• **Assignment**
The answer is to be the data that follows, transcribed exactly, minus its pictures.

• **Dataset excerpt**
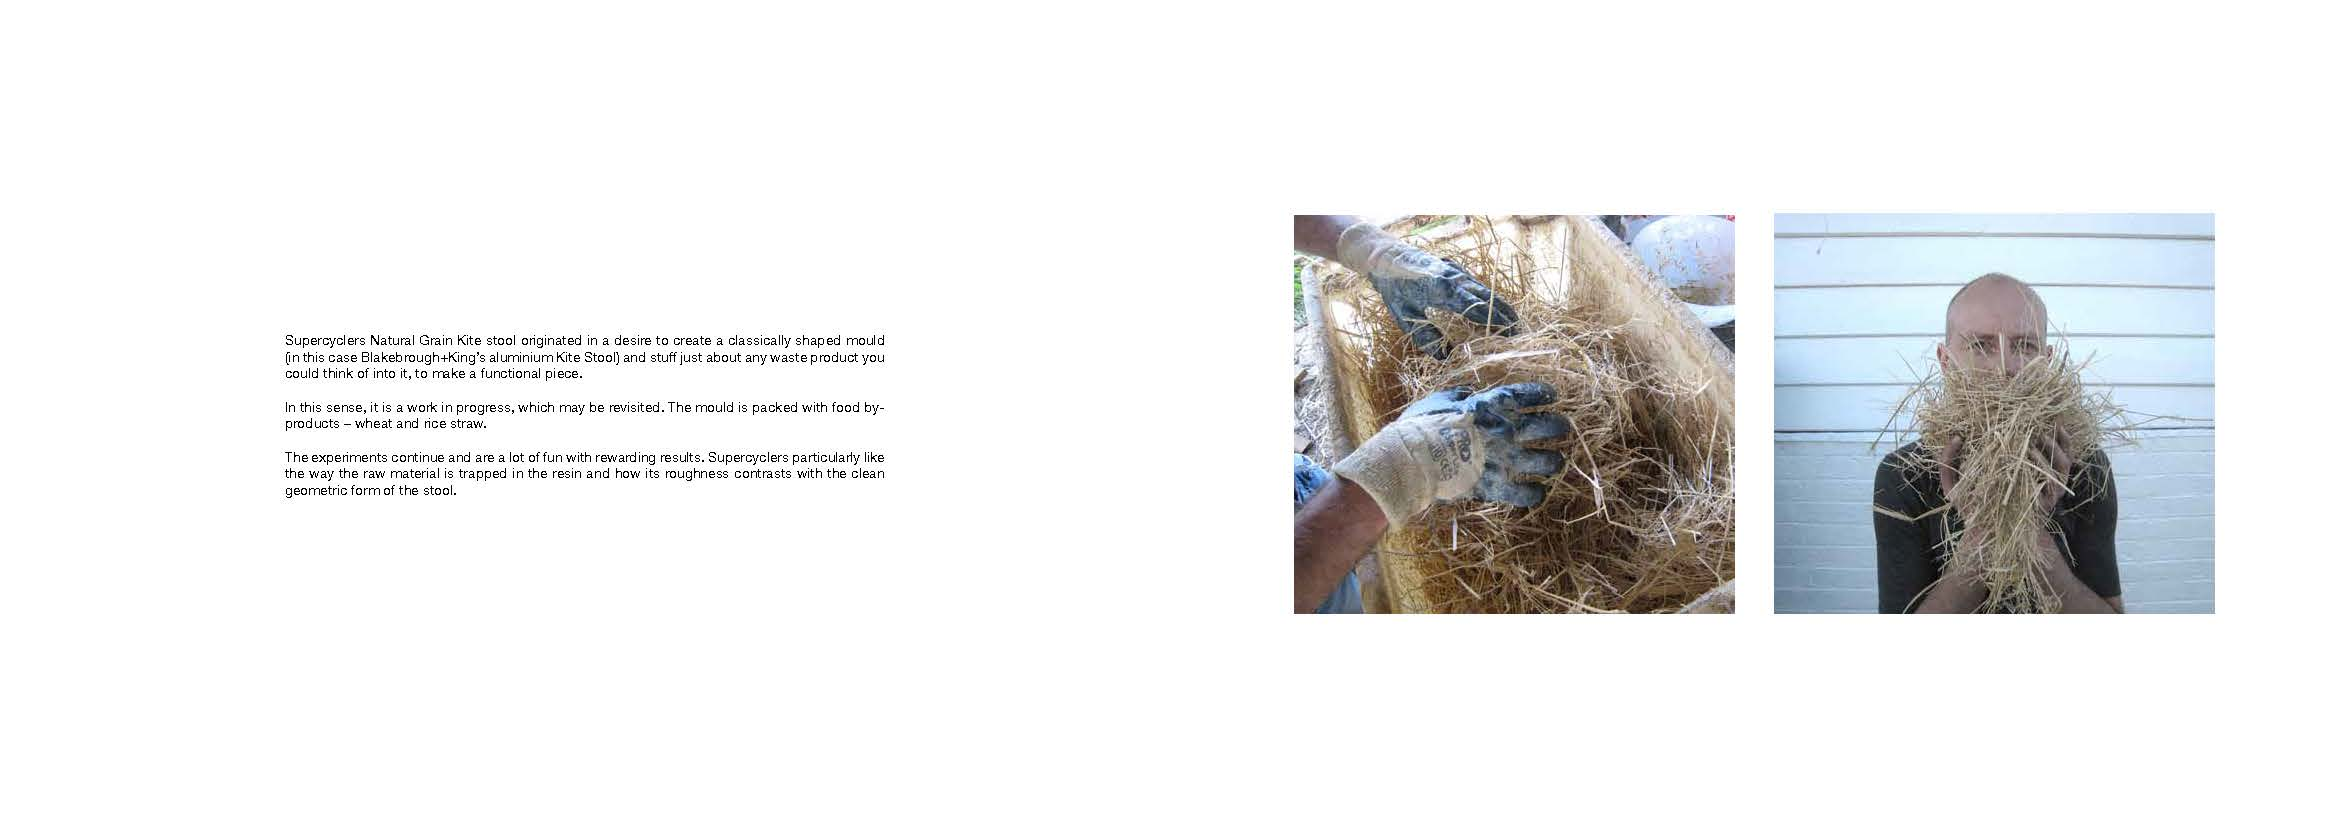 MANIFESTO MASTER FILE 221214 _Page_146.jpg
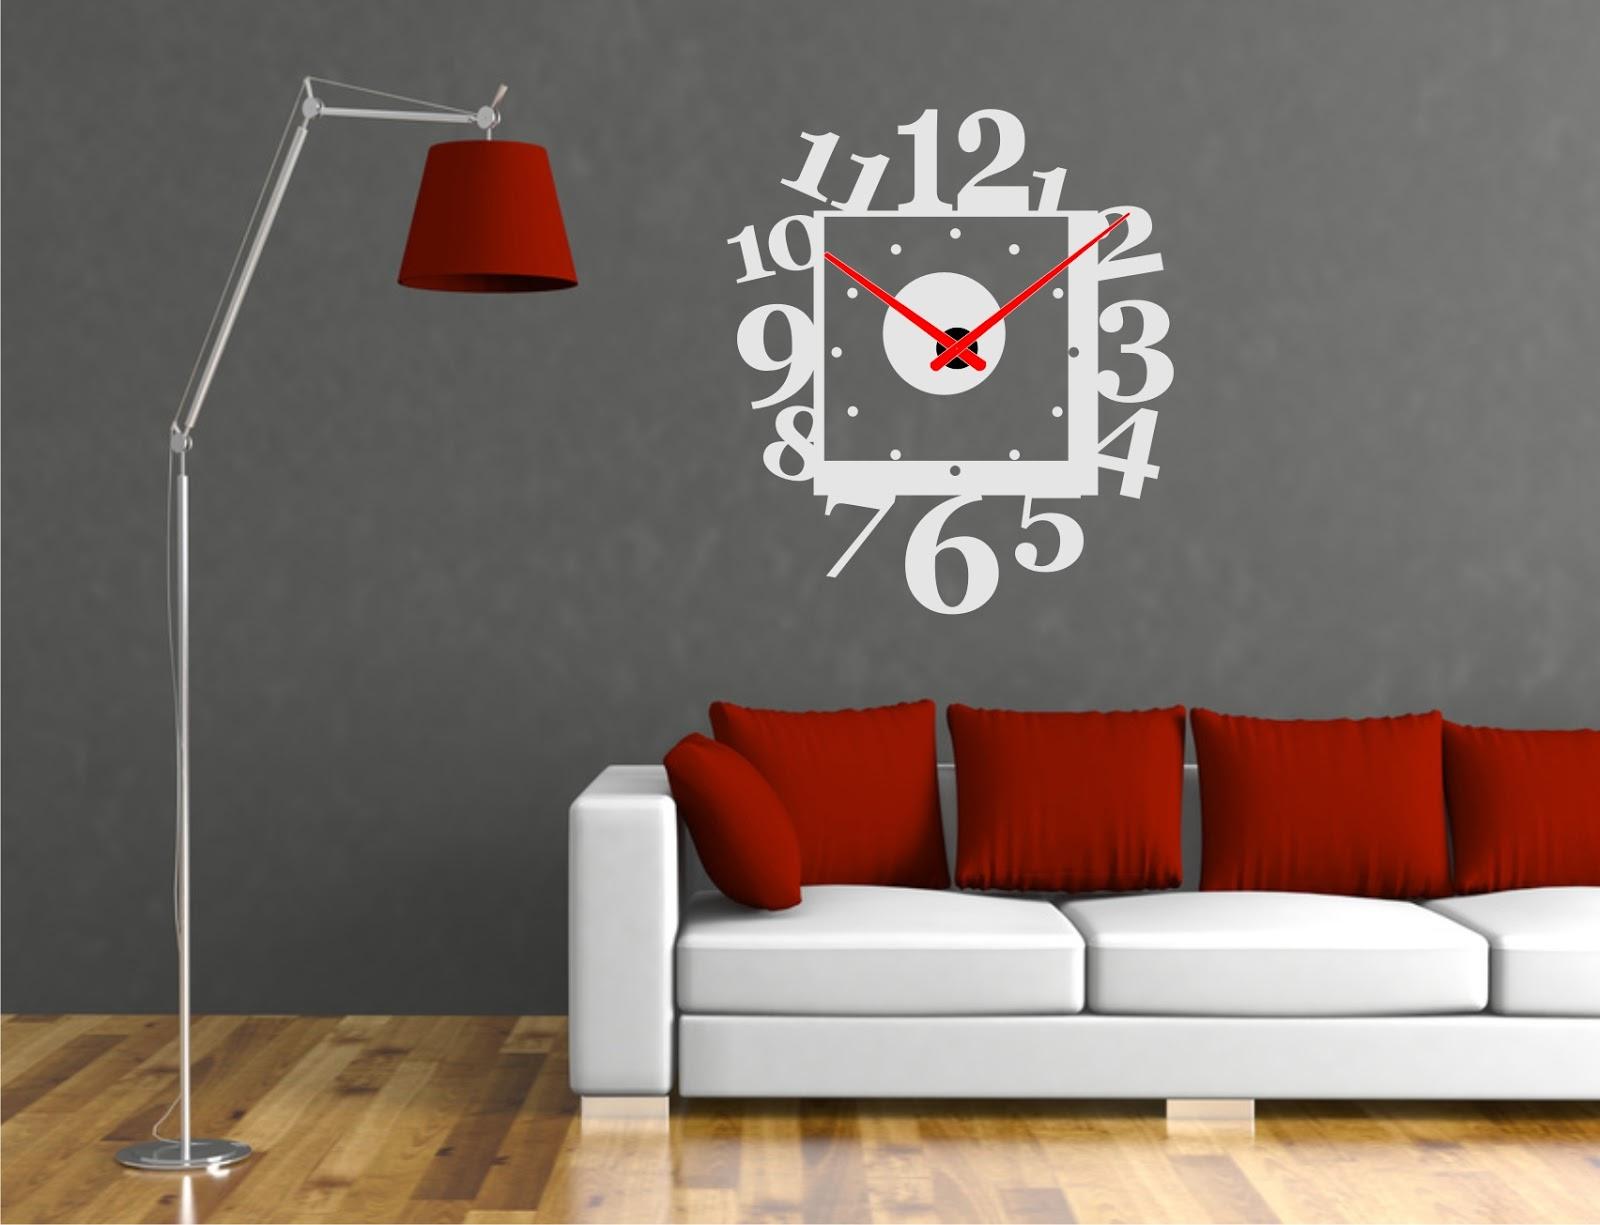 ec49dd871e93 Relojes de Pared Modernos Muebles lluesma - Relojes De Diseño De Pared
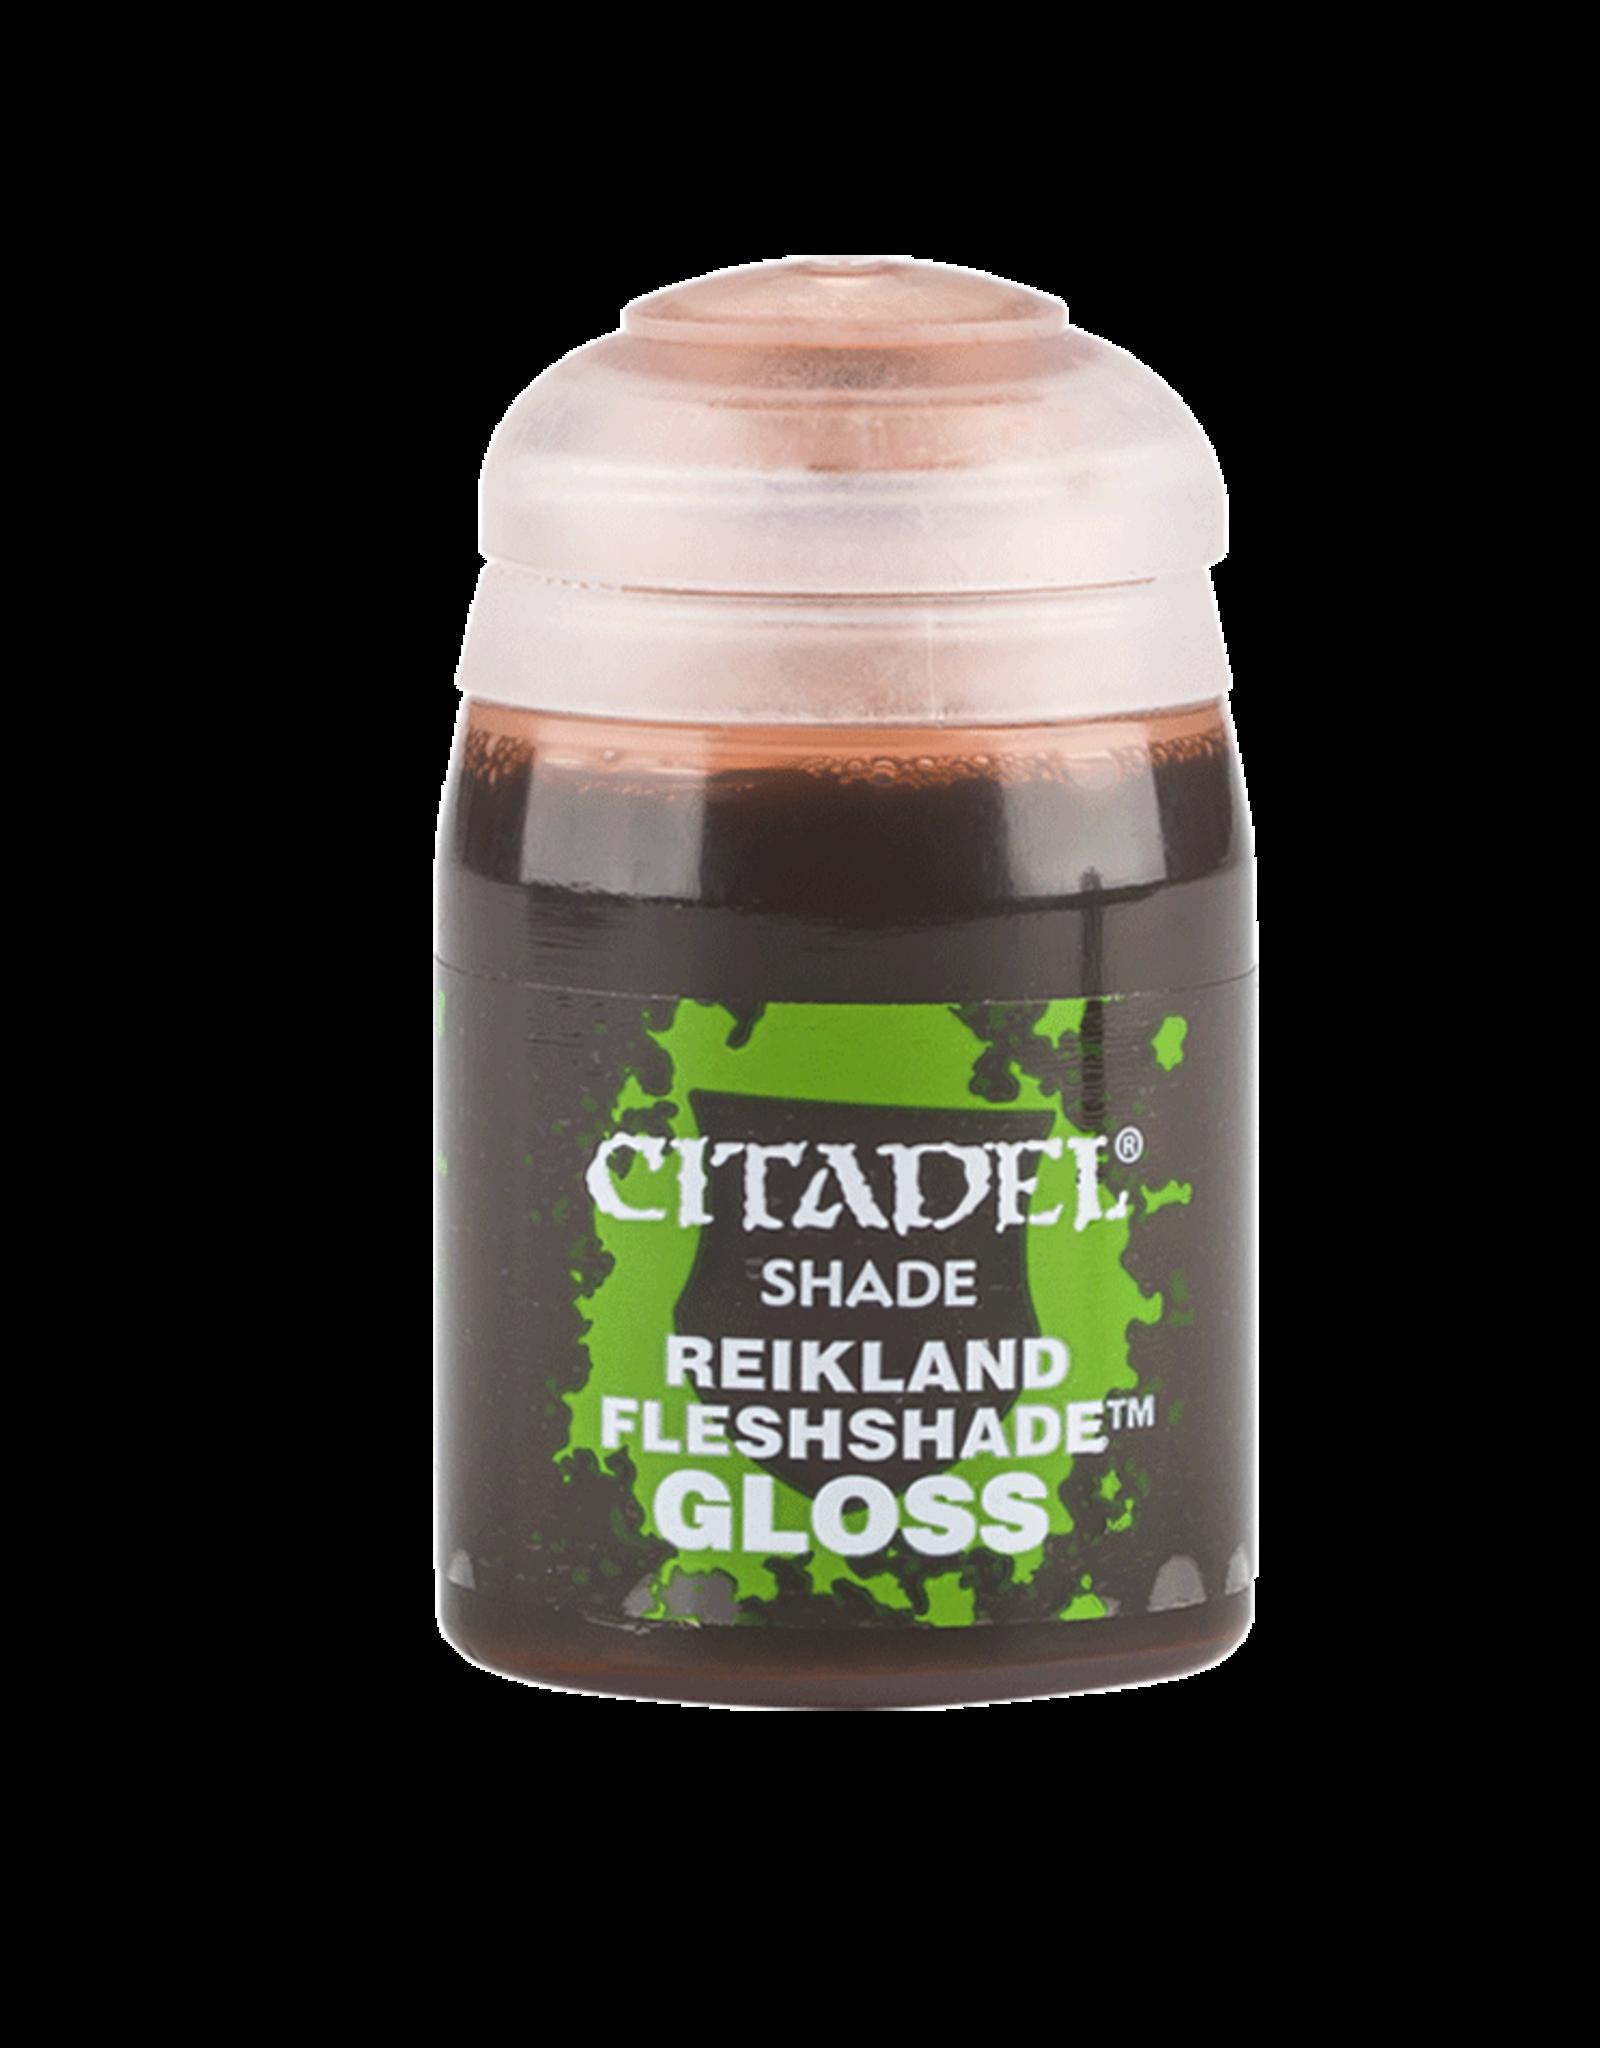 Citadel Citadel Shade: Reikland Fleshshade Gloss (24ml)

• **Response to this task**
 MANIFESTO MASTER FILE 221214 _Page_146.jpg
 ec49dd871e93 Relojes de Pared Modernos Muebles lluesma - Relojes De Diseño De Pared
 Citadel Citadel Shade: Reikland Fleshshade Gloss (24ml)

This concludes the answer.